La parrocchia: la cellula della Chiesa. La parrocchia dovrebbe in primo luogo far crescere la gioia della fede nei fedeli - anzitutto negli operatori pastorali - accompagnandoli a scoprire in loro l'iniziativa di Dio che ci precede, viene a noi, e, inserendoci nel suo agire, ci chiama a cooperare con lui, confessando la fede col cuore e con la vita.
Con riferimento all’Instrumentum laboris, nn° 80-84, vorrei presentare qualche rapida riflessione su quel soggetto - già richiamato da alcuni interventi - che costituisce il luogo ecclesiale più capillare, più vicino, più accessibile al popolo, che è la parrocchia, che - come sappiamo - della chiesa particolare è “come la cellula” (AA, 10) e, “in certo modo, rappresenta la Chiesa visibile stabilita su tutta la terra” (SC, 42).

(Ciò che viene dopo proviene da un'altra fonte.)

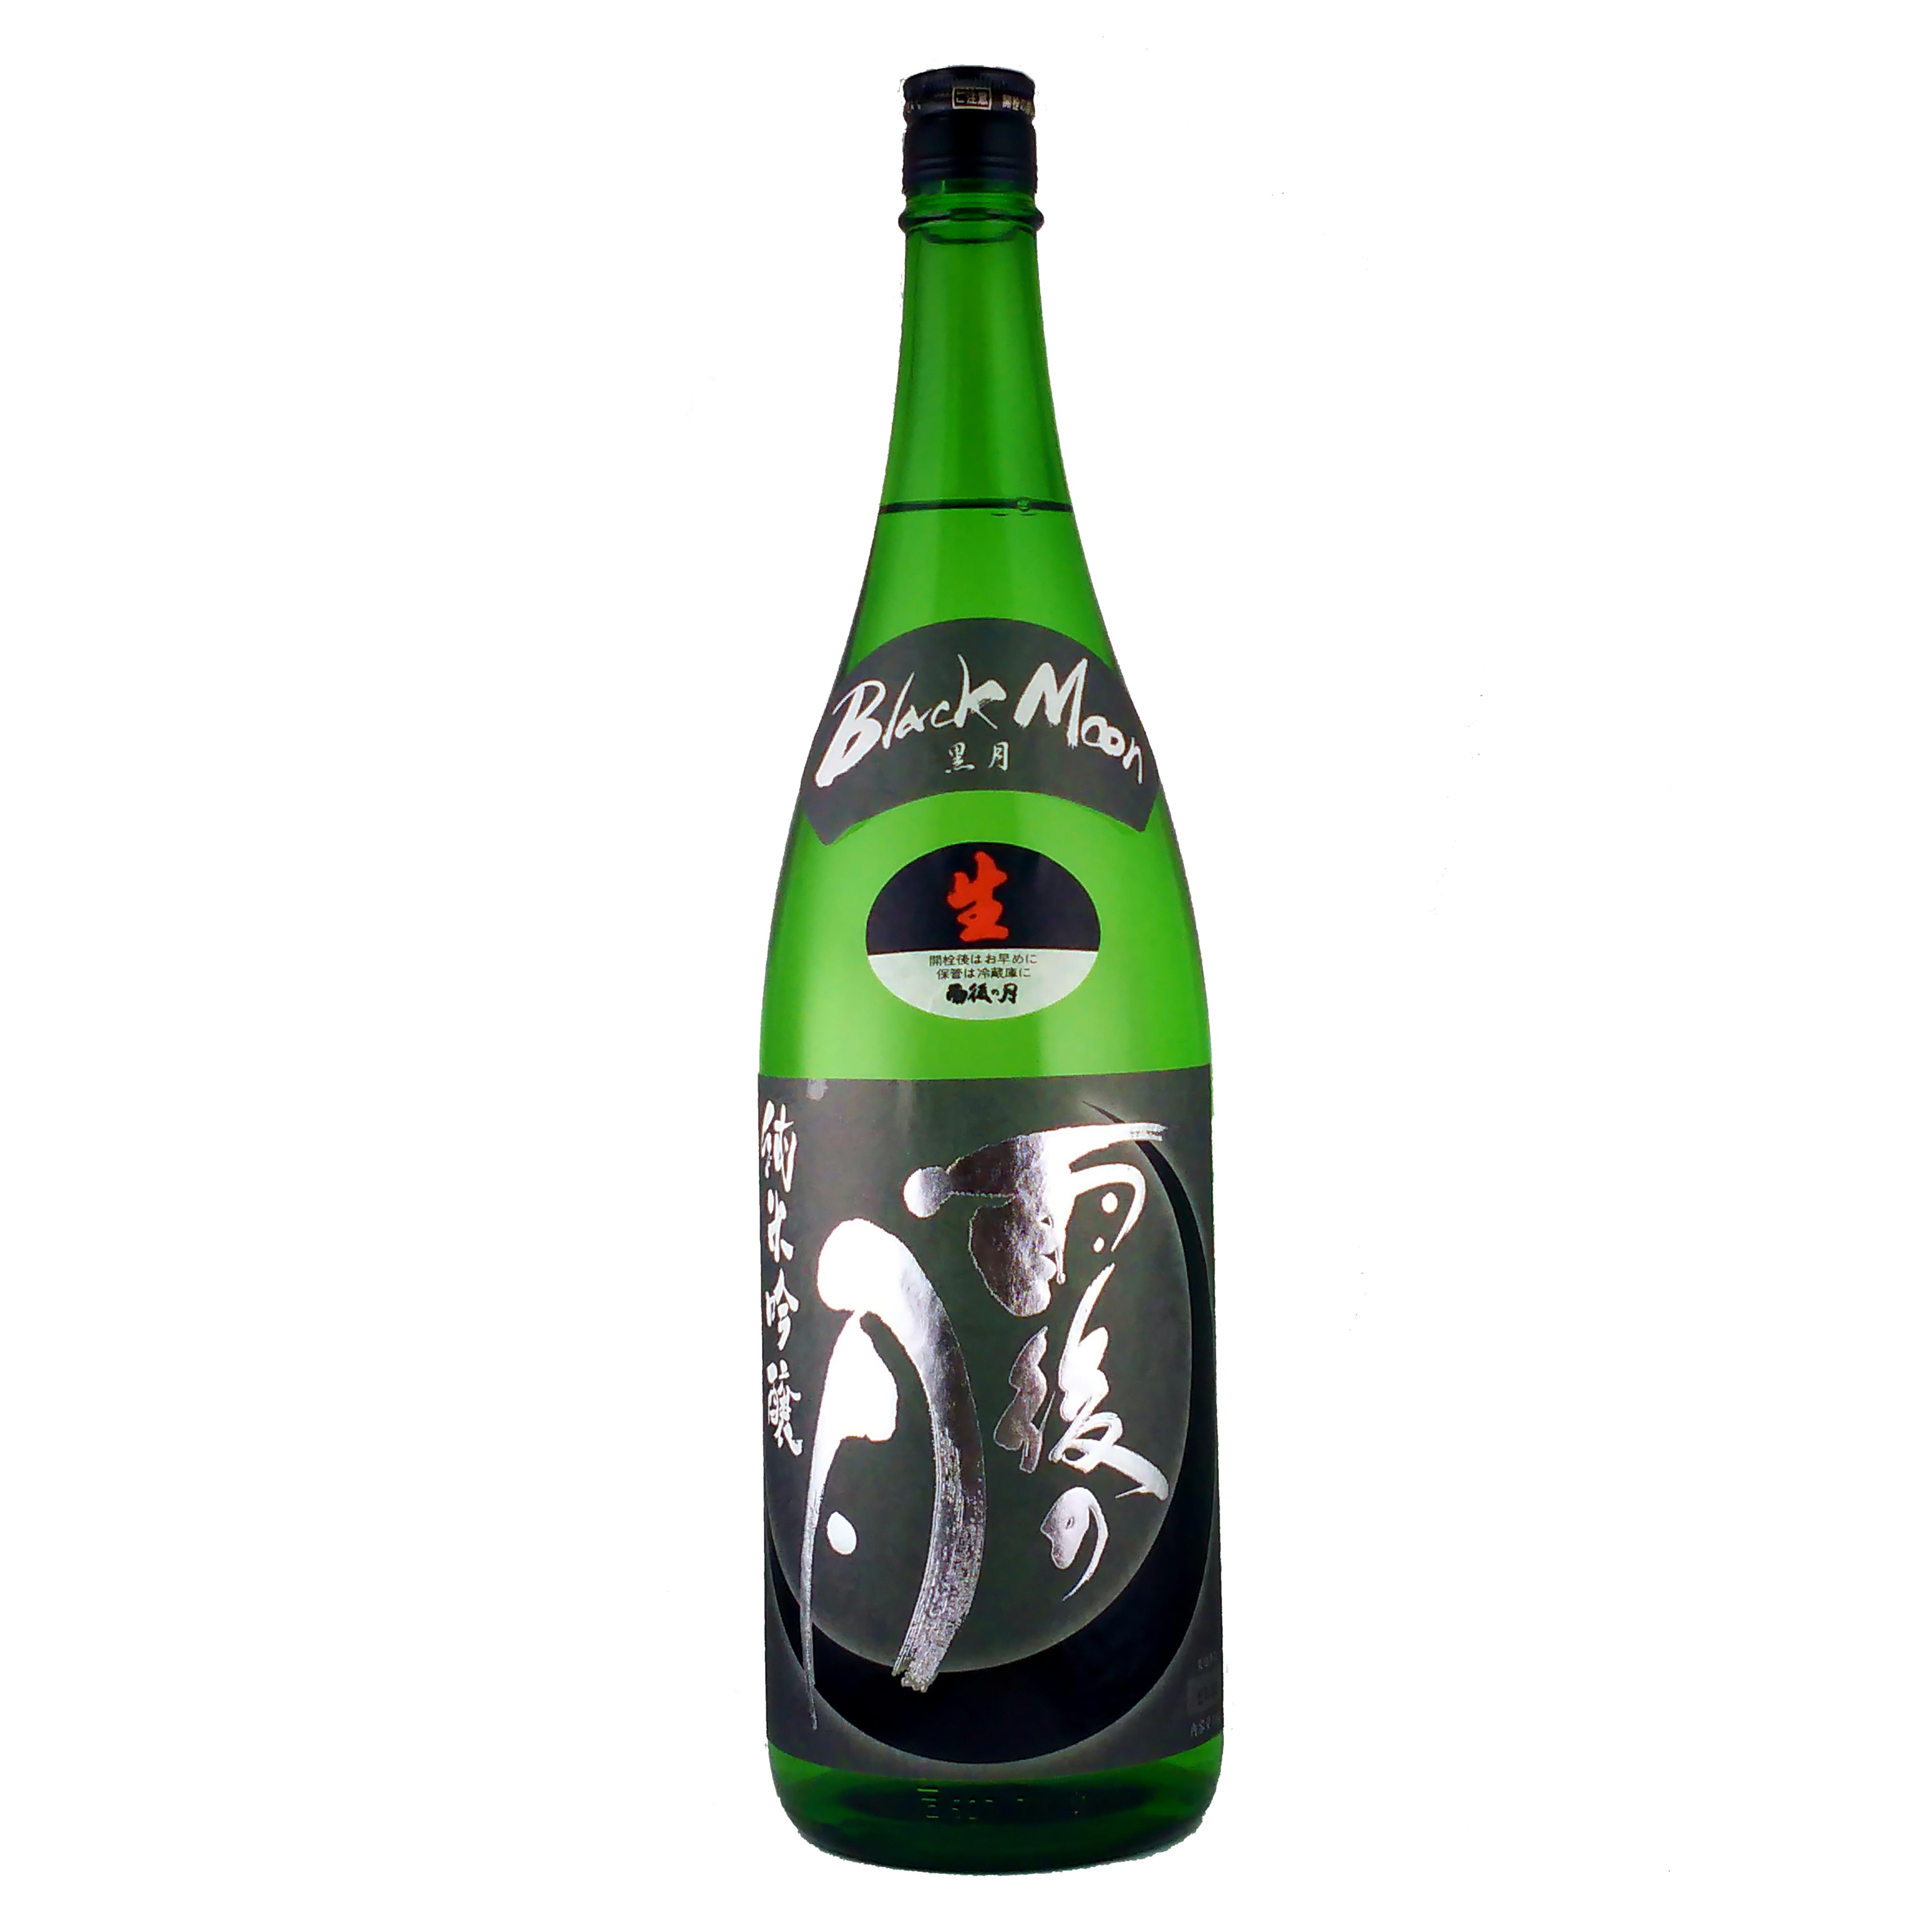 雨後の月 Black Moon 純米大吟醸 生酒 1800ml

Mi riferisco, in particolare, alle parrocchie delle Chiese di antica tradizione, in contesti sociali di crescente urbanizzazione e secolarizzazione, in particolare a quelle delle grandi metropoli multietniche e multireligiose, città spesso anonime e dispersive, dove accanto a minoranze di fedeli partecipi e impegnati, troviamo maggioranze di battezzati dalla fede debole e anemica, indifferenti o lontani dalla Chiesa, insieme ormai a numerosi uomini e donne appartenenti ad altre religioni o a nessuna religione che si avvicinano alla comunità parrocchiale per ragioni diverse, e ai tanti anonimi cercatori di Dio.
La parrocchia, nonostante abbia fatto dopo il Concilio molti passi avanti, salvo lodevoli eccezioni, è ancora prevalentemente impegnata nella cura gregis, offre servizi religiosi a chi li chiede, ma fa fatica ad aprirsi ad una pastorale di evangelizzazione. Una conversione pastorale di questo tipo è più che mai necessaria, ma non è semplice da realizzare e dovrebbe tener conto di vari aspetti.
Provo ad elencarne alcuni:
La chiesa è cominciata con la testimonianza gioiosa e credibile dell’annuncio del Signore risorto. S. Luca scrive negli Atti che alla predicazione dell’apostolo Pietro dopo la Pentecoste gli ascoltatori “si sentirono trafiggere il cuore” (At 2, 37). La parrocchia dovrebbe in primo luogo far crescere la gioia della fede nei fedeli - anzitutto negli operatori pastorali - accompagnandoli a scoprire in loro l’iniziativa di Dio che ci precede, viene a noi, e, inserendoci nel suo agire, ci chiama a cooperare con lui, confessando la fede col cuore e con la vita. Così i fedeli sarebbero resi testimoni credibili e attraenti mostrando la fede come desiderabile e la verità del cristianesimo come ragionevole. Al riguardo riterrei necessario elaborare un paradigma di “primo annuncio” che presenti in modo adeguato il cherigma cristiano attraverso lo strumento proprio dell’evangelizzazione.
Per superare l’analfabetismo religioso oggi così diffuso, la parrocchia dovrebbe offrire itinerari di catechesi, utilizzando il Catechismo della Chiesa Cattolica e anche il Compendio, itinerari rivolti anzitutto agli adulti, in specie alle famiglie giovani.
L’Eucarestia domenicale, da curare molto in ogni aspetto, dovrebbe diventare l’esperienza più sentita e desiderata della fede creduta, professata e annunciata, vera lode di Dio e scuola di santità, da dove si irradi una gioiosa testimonianza di carità.
Auspico che il Sinodo faccia sentire un vibrante incoraggiamento ai sacerdoti, in particolare ai parroci, perché si adoperino con convinzione e passione a promuovere un nuovo slancio missionario del loro ministero, ripensando con coraggio - sotto la guida del Vescovo - il modello organizzativo della pastorale parrocchiale. Alla fine del Sinodo di Roma il Beato Giovanni Paolo II, rivolgendosi ai sacerdoti, disse: “Parrocchia, trova te stessa, fuori di te stessa!”.